Brief —
Return the material below exactly, but only from the line with "LEGO Duplo 10416" through the line with "Orion UPRA 1-1", and without its pictures.

Information supplied —
★ ★ ★ ★ ★ ★ ★

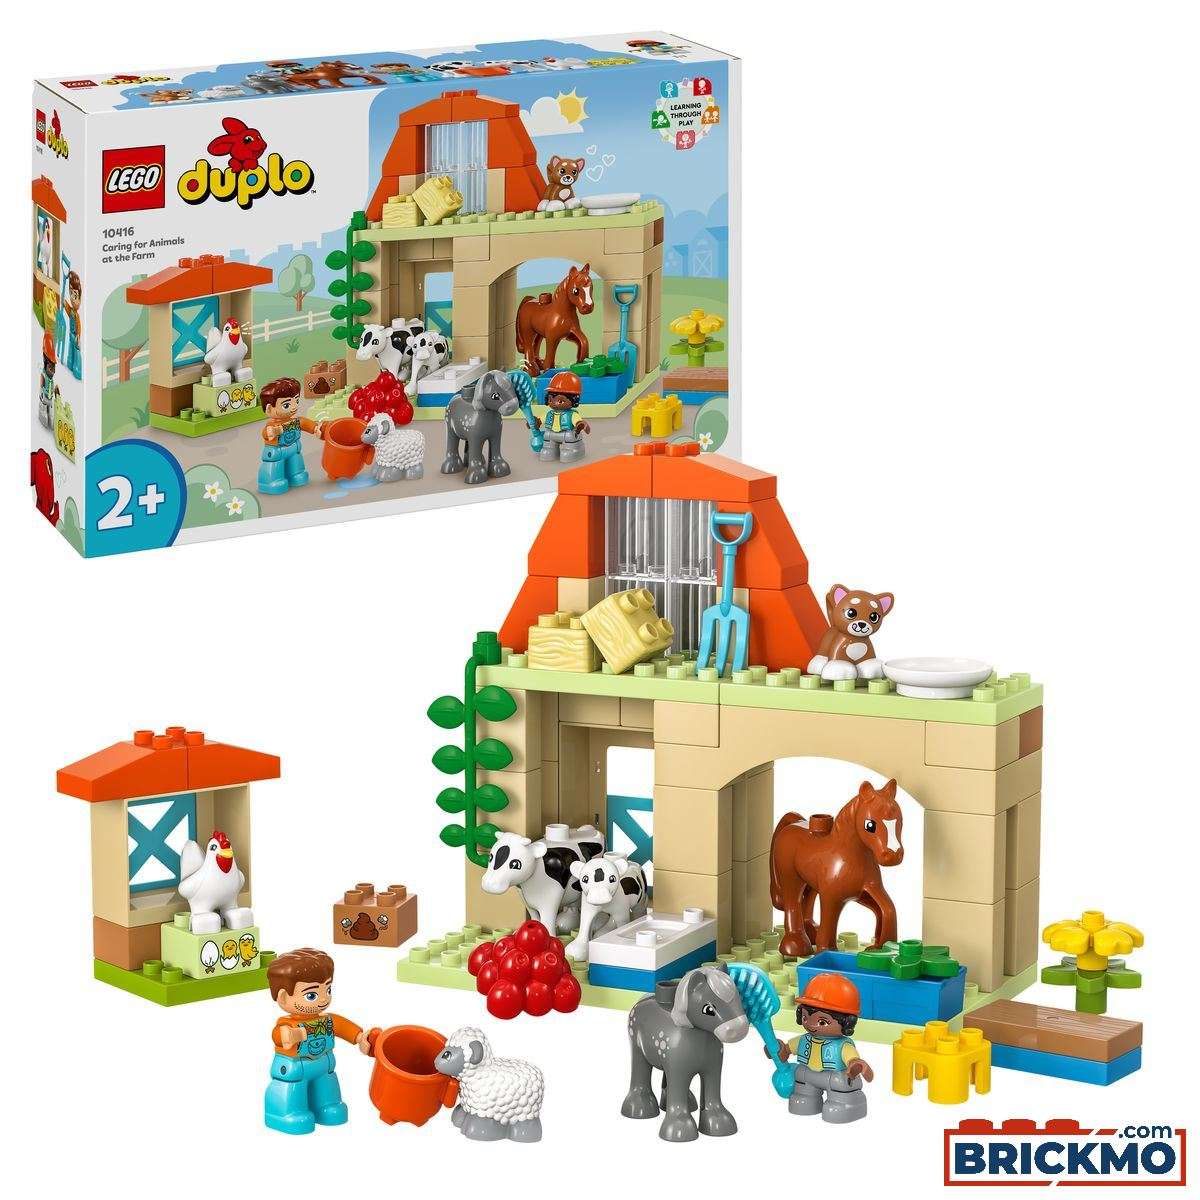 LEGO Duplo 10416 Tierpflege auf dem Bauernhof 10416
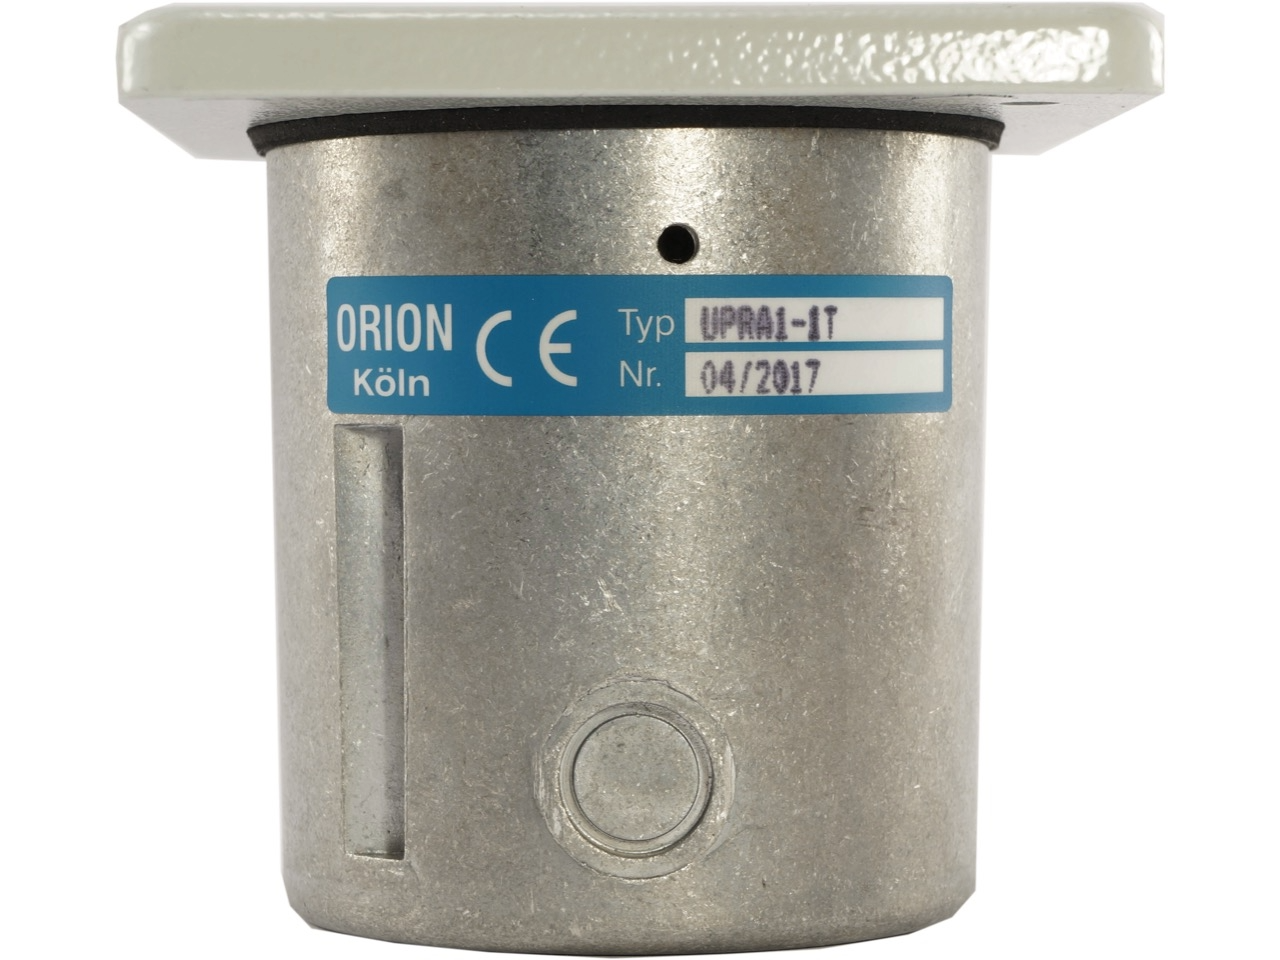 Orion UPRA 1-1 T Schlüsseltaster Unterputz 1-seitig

★ ★ ★ ★ ★ ★ ★

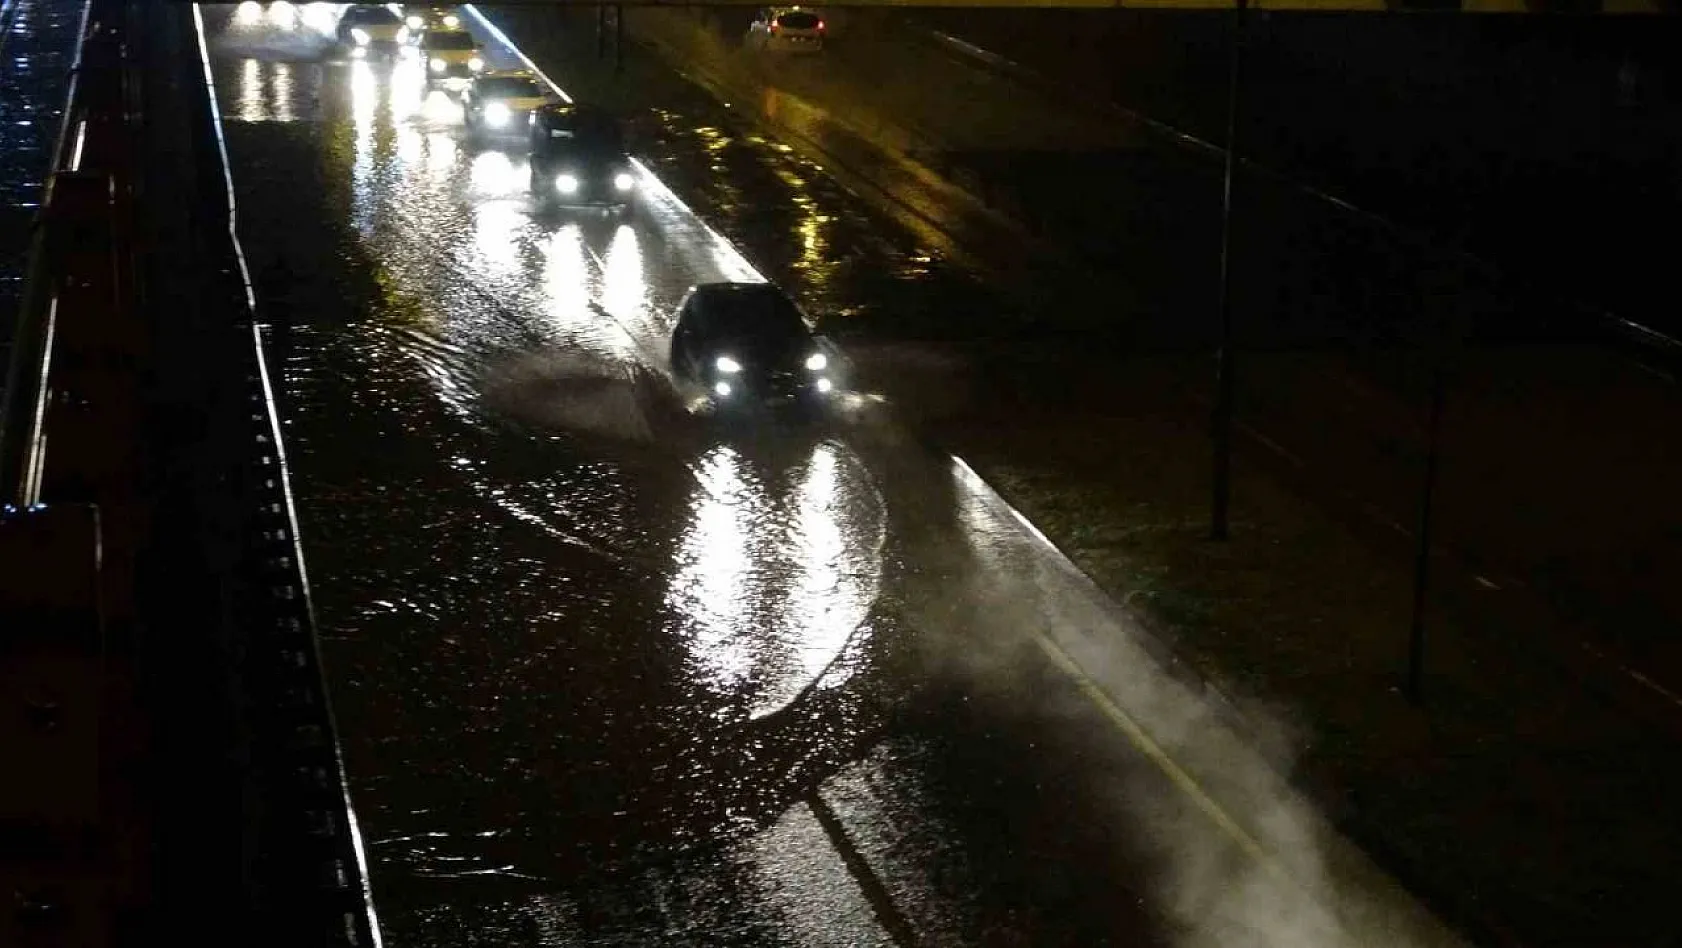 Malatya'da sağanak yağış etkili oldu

★ ★ ★ ★ ★ ★ ★

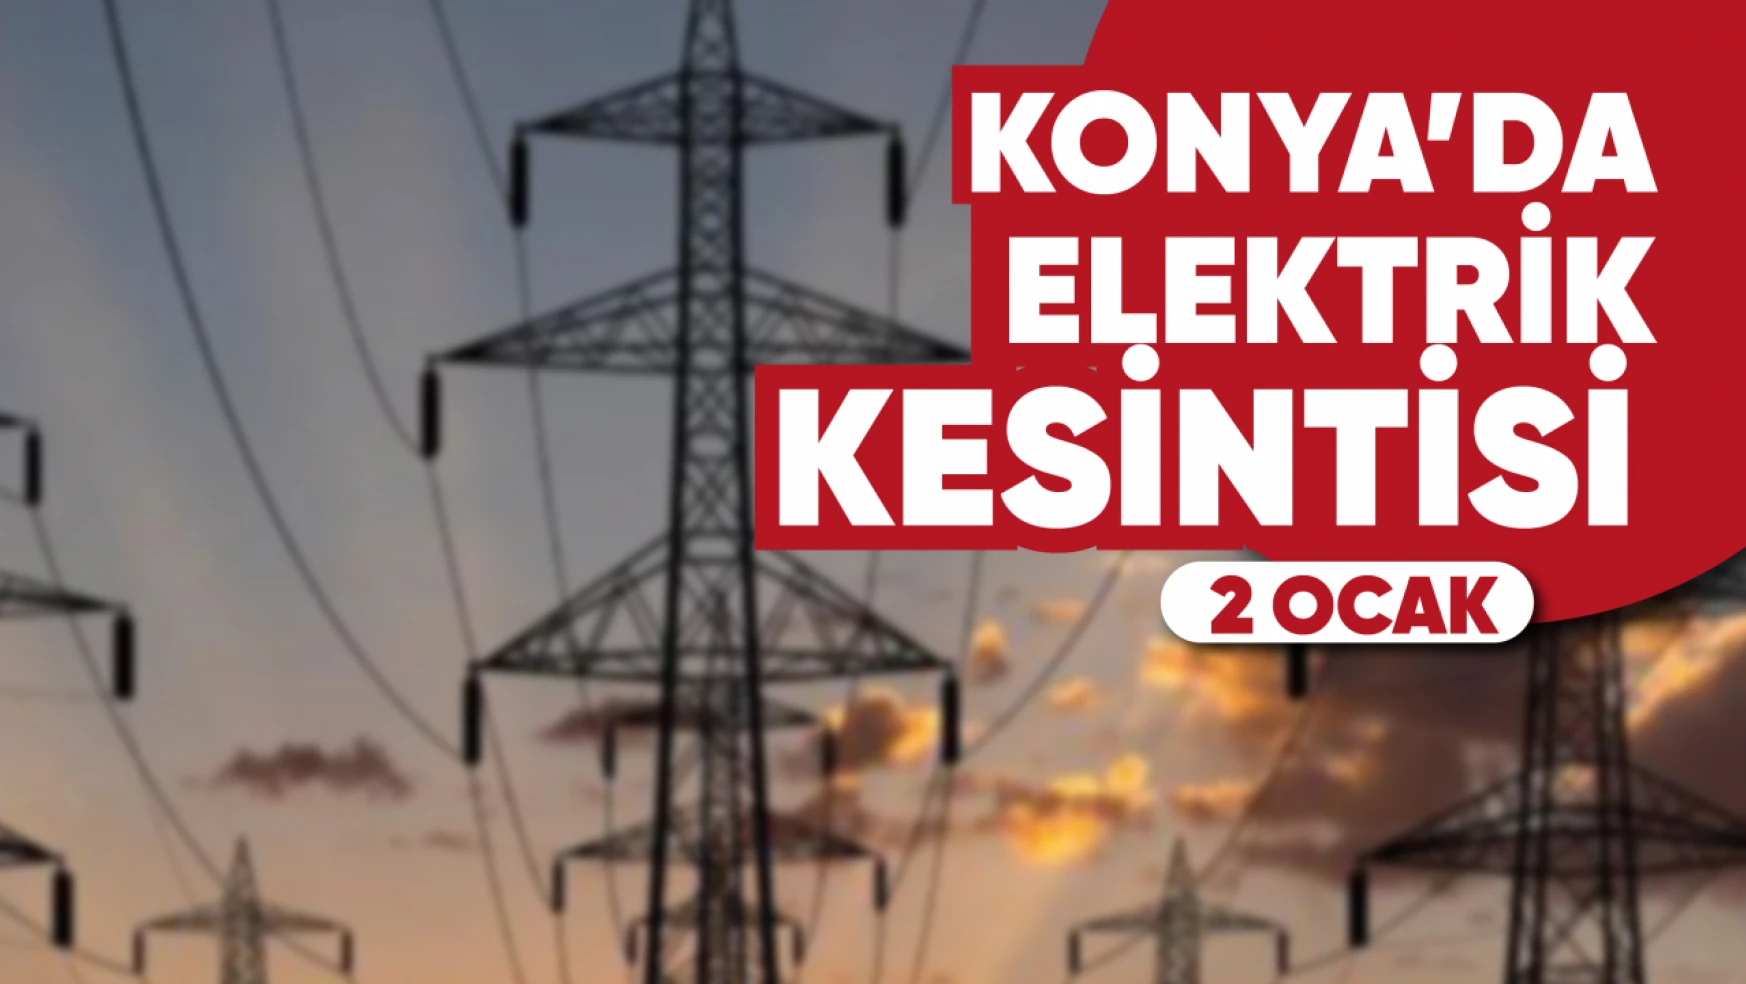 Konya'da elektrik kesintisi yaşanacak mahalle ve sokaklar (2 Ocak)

★ ★ ★ ★ ★ ★ ★

Answer for the task —
 LEGO Duplo 10416 Tierpflege auf dem Bauernhof 10416
 Orion UPRA 1-1 T Schlüsseltaster Unterputz 1-seitig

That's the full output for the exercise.